Over the past two decades, many of these imported ideas have been tied to a broader shift in how universities are encouraged to understand their relationship to students. Increasingly, the language of higher education has borrowed from the vocabulary of markets—students as customers, education as a service, institutions competing through “experience” and “satisfaction.” It is within that broader shift that ideas like “hospitality” and “customer experience” begin to feel natural, even inevitable.

Recently, during a discussion in my college about Will Guidara’s book Unreasonable Hospitality, I found myself thinking about how ideas developed in the restaurant industry are increasingly traveling into university life.

Guidara draws a useful distinction between service and hospitality. Service, he suggests, is technical: the task is completed correctly. Hospitality adds what he calls “color.” It is the dimension of experience in which the person receiving the service feels recognized, respected, and genuinely considered. It is an appealing idea. Few of us would argue that the work of a university should be reduced to efficient transactions. Students, colleagues, and staff benefit when interactions feel human rather than mechanical.

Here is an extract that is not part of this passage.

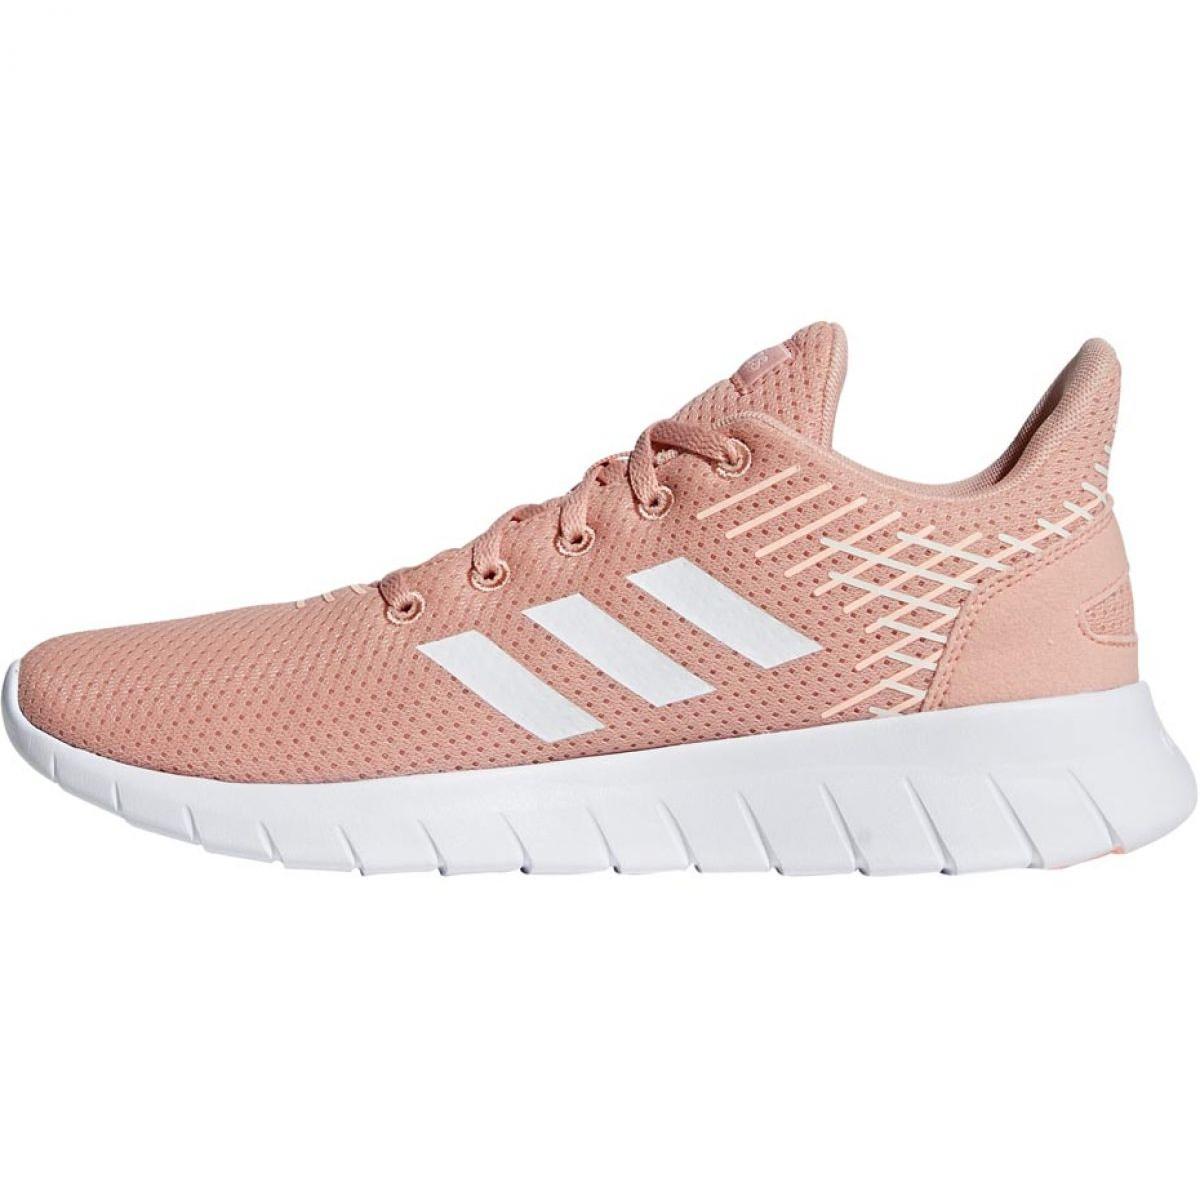 Buty adidas Asweerun W F36733 różowe

Yet there is another part of Guidara’s story that deserves equal attention. The transformation of Eleven Madison Park into one of the most celebrated restaurants in the world did not come from asking employees simply to “try harder.” It came from redesigning systems. Staffing levels, training, authority, and organizational culture were deliberately structured to support the kind of care the restaurant wanted to deliver. In other words, excellence was not only inspirational — it was infrastructural. 

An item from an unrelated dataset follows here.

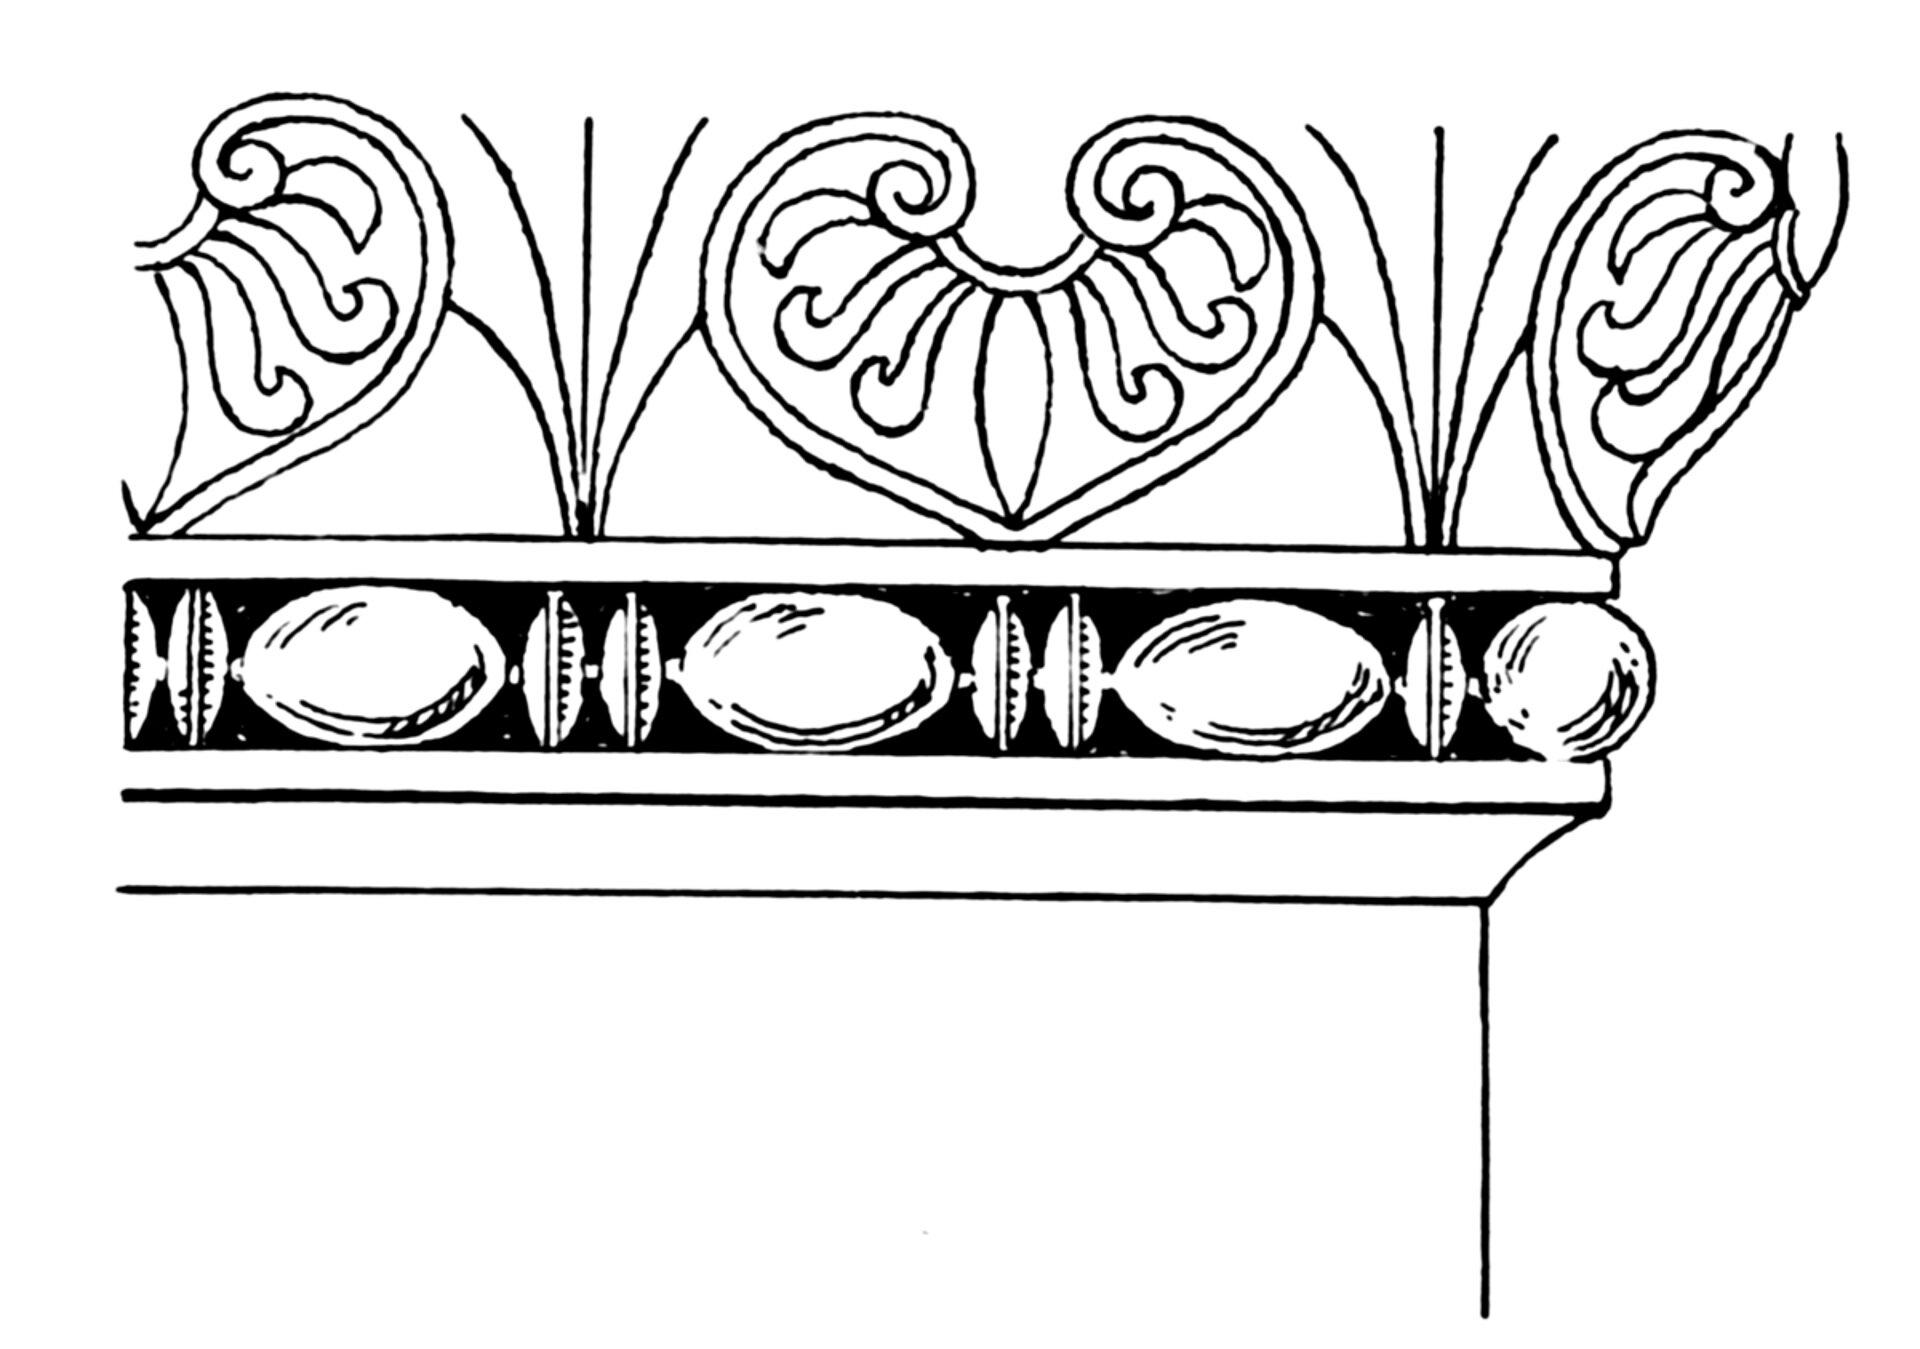 Ilustracja przedstawiająca ornament: astragal. Element dekoracyjny naszkicowany jest czarnym kolorem bez wypełenień. Ornament składa się zdwóch części. Górna część przedstawia ornament wkształcie serca. Dolna część to elementy kształtem przypominające cytrynę.

That point becomes especially relevant when ideas like “unreasonable hospitality” migrate into academic settings like our own. Because the question quickly becomes not only what we aspire to provide, but what conditions make that aspiration possible. During our discussion, I found myself returning to a concept that rarely appears in inspirational leadership narratives but is central to institutional life: margin.

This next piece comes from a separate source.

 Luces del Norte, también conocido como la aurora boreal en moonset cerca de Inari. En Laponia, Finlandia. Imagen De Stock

By margin I mean the institutional slack that allows people time, flexibility, and emotional capacity beyond mere survival of their workload. Margin is what allows a faculty member to spend an extra fifteen minutes helping a struggling student without feeling that something else is about to collapse. It is what allows an advisor to listen carefully rather than rush through a queue. It is what allows care to be genuine rather than performative. Without margin, the aspiration to provide extraordinary care risks becoming something else entirely: an additional expectation layered onto already stretched work.

There is also a broader question about how ideas travel. Corporate and service-sector language can be seductive when it enters academic conversations. Concepts like “customer experience,” “hospitality,” or “exceeding expectations” promise simple solutions to complex institutional problems. But the analogy has limits. Students are not clients in a restaurant, and a university is not a service counter. Students are protagonists in their own intellectual development, not consumers whose satisfaction defines the success of the encounter. The work of teaching and advising requires collaboration, challenge, and sometimes friction. Translating that relationship too easily into a service model risks misunderstanding what education is meant to accomplish.

This also raises another question that universities cannot afford to ignore. Even when care is offered generously, it is not always distributed evenly. Research across higher education has long shown that relational and emotional labor—mentoring students, supporting struggling colleagues, serving on diversity committees, and responding to institutional crises—tends to fall disproportionately on women faculty and on faculty and staff of color. Amado Padilla described this dynamic decades ago as “cultural taxation,” the additional service burden placed on faculty of color because of institutional diversity needs. These forms of labor are essential to the functioning of a university community. Yet they are often undervalued in evaluation systems and unevenly shared across departments.

In this context, calls for greater attentiveness, responsiveness, and care must be accompanied by a difficult but necessary question: who is already doing this work, and who is not?

My own experiences in institutions where I have felt most “seen” did not involve dramatic gestures. They involved something quieter: systems that worked. Communication was clear. Expectations were transparent. The person helping me did not appear depleted. There was margin in the system.

Universities today face a stark contradiction and ours is not an exception. At the same time that faculty and staff are being asked to provide more care, more responsiveness, and more emotional presence, we confront a shrinking public investment, growing legislative scrutiny of curriculum and academic freedom, and increasing pressure to treat education primarily through the language of markets and customers.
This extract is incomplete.